- Born: October 1999 (age 26) Leicester, England, U.K.
- Other name: Cracka
- Occupation: Cybersecurity

= Kane Gamble =

British hacker (born 1999)

Kane Gamble or known online as Cracka (born October 2, 1999) is a British hacker from Leicester, who lead a hacktivist group called Crackas With Attitude (CWA) in 2015, responsible for hacking US government networks, emails and phone accounts of several US government officials (including the US Department of Justice network, the FBI's Law Enforcement Enterprise Portal, former CIA chief John Brennan, the former director of national intelligence James Clapper, the former deputy director of the FBI Mark Giuliano and Obama's deputy national security adviser Avril Haines).

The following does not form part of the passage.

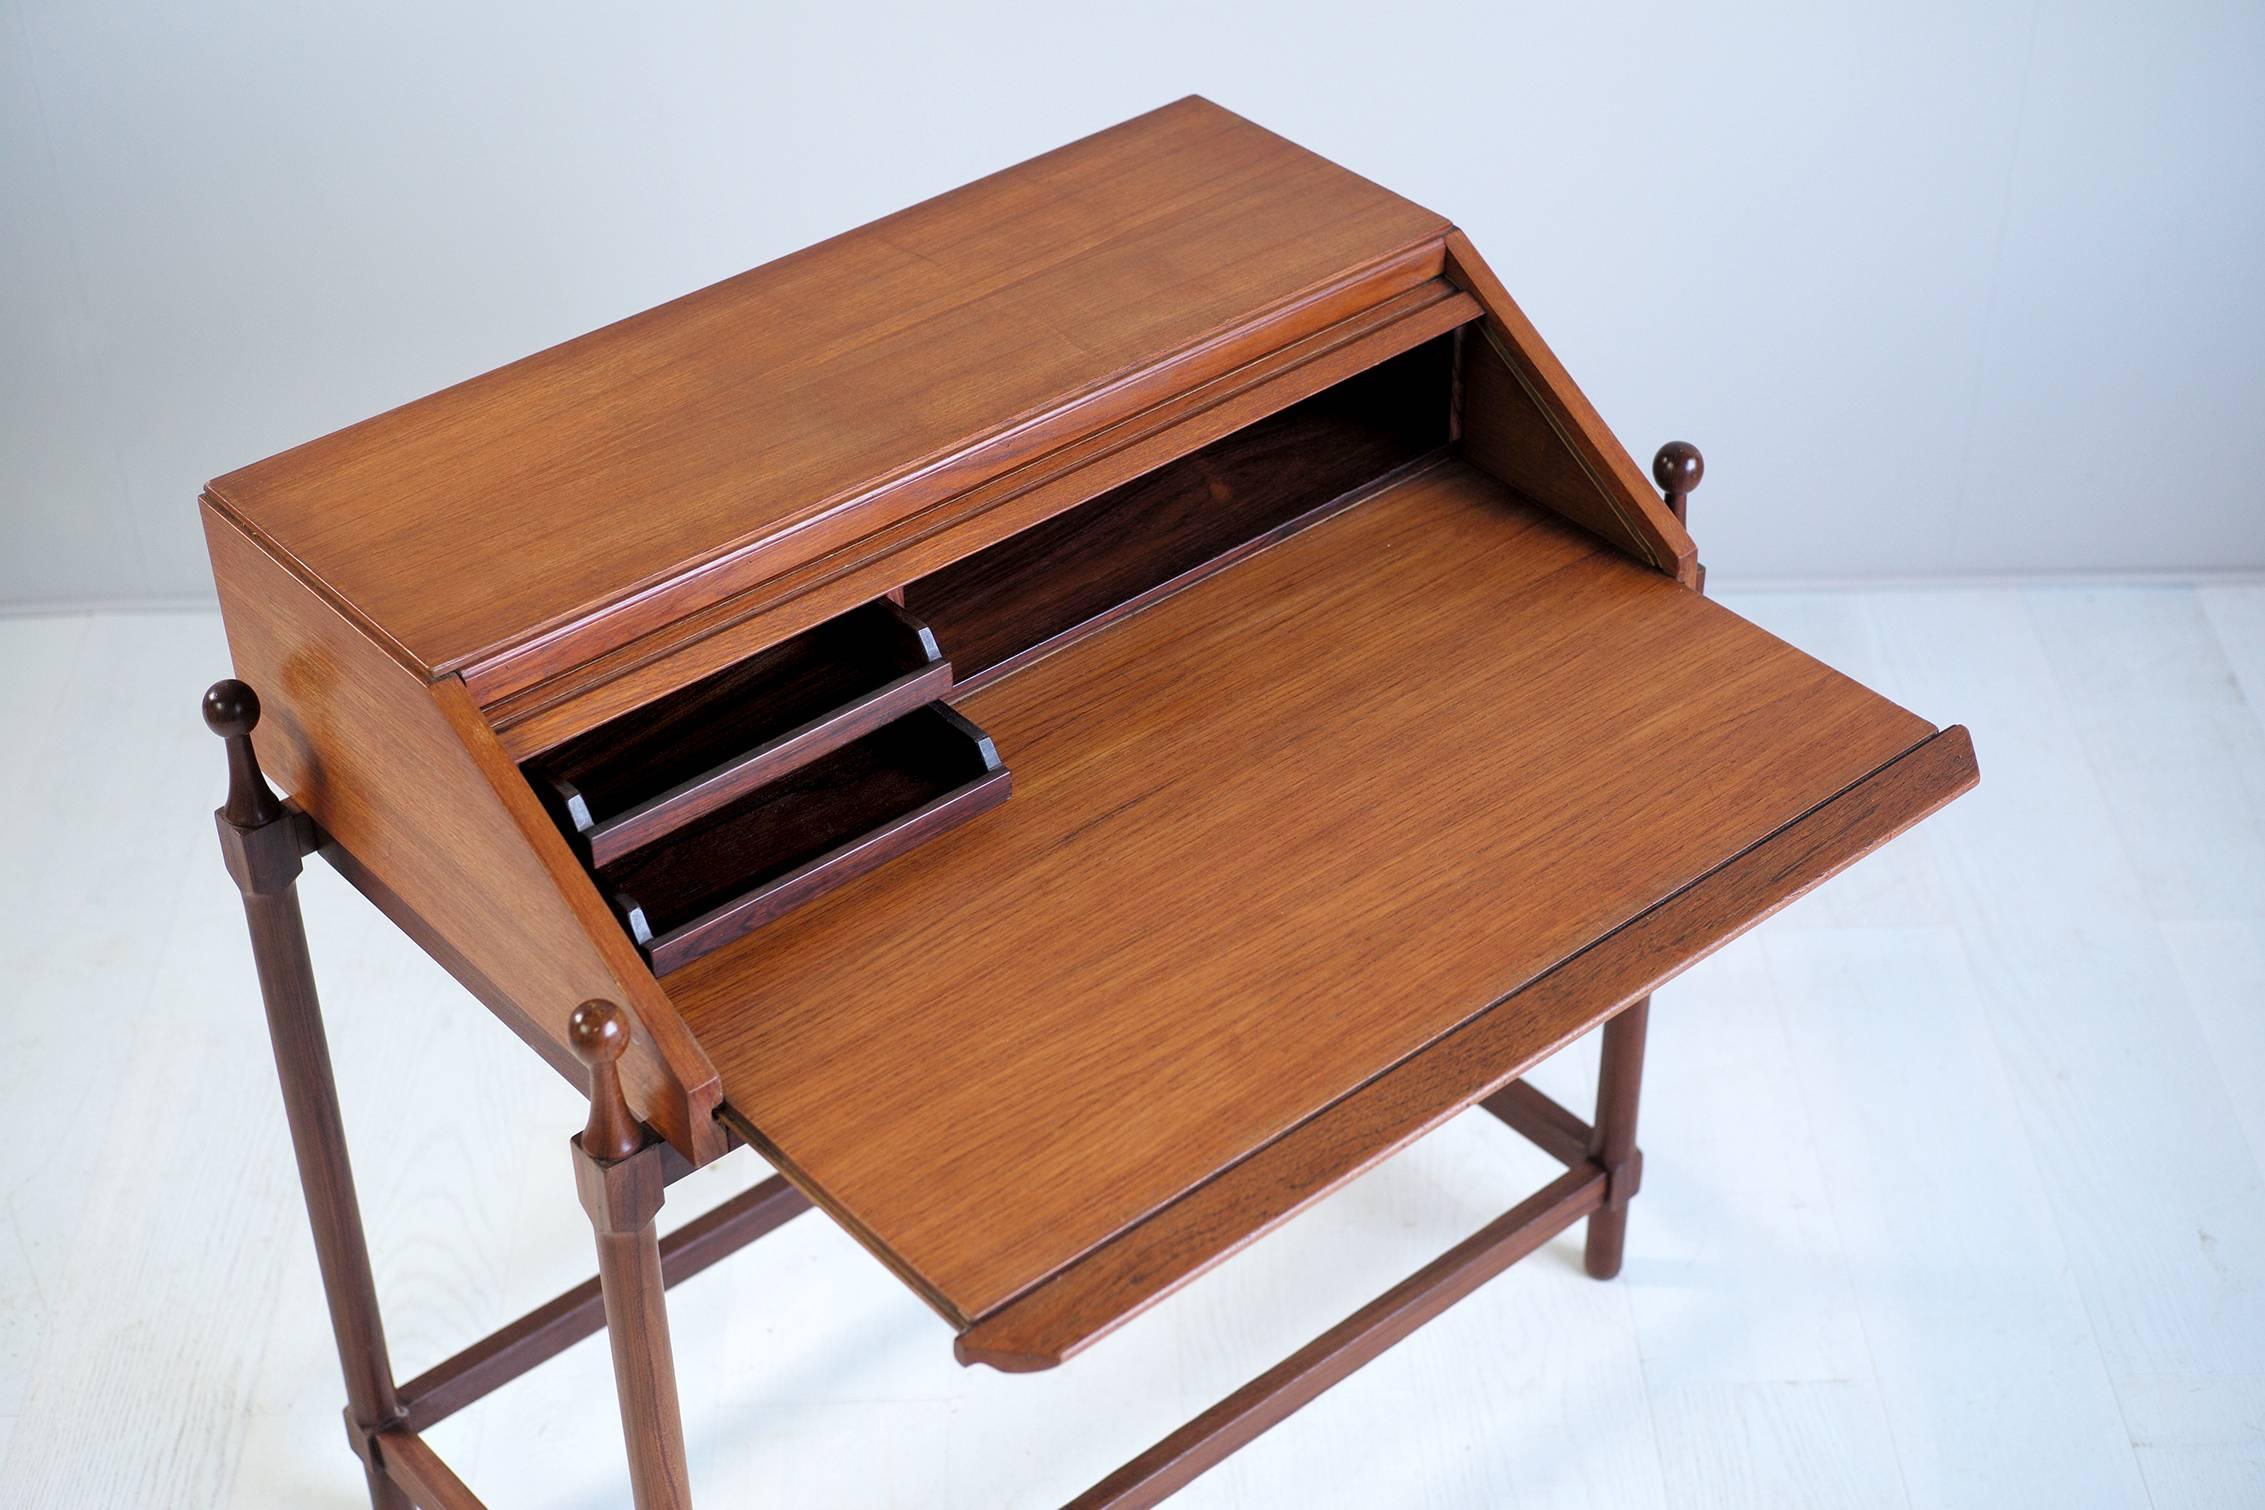 Secretary in teak and rosewood system from Proserpio Fratelli, Italy, 1960. The tablet unfolds revealing the rosewood interior, with two drawers and a housing. Pushing the tray, the curtain comes close the box. The pillar base is in solid

Gamble was just 15 years old at the time of the offences.
The court described he accessed “extremely sensitive” documents referring to operations (military and intelligence) in Iraq and Afghanistan.
Some of the information obtained was posted on Wikileaks and others websites. Gamble committed the offences to "raise awareness for the situation in Palestine and the war in Iraq"

Gamble pleaded guilty to 10 charges and was sentenced to two years in a youth detention centre. He served his sentence at HMP Belmarsh, a category A notorious maximum security prison in South East London.

== Rehabiliation ==
Kane Gamble was released from imprisonment in 2019. Since his release, Gamble has taken part in Bug Bounty programs to help companies secure their websites such as T-Mobile (where he was paid the maximum bounty of $5,000), Ministry of Defence, AT&T and more. Gamble also has several CVE's assigned to his name, including vulnerabilities identified in the encrypted messaging app Wire and Sitecore.

Gamble currently works in the information security sector, specifically as a Senior Security Consultant helping businesses identify vulnerabilities in their systems.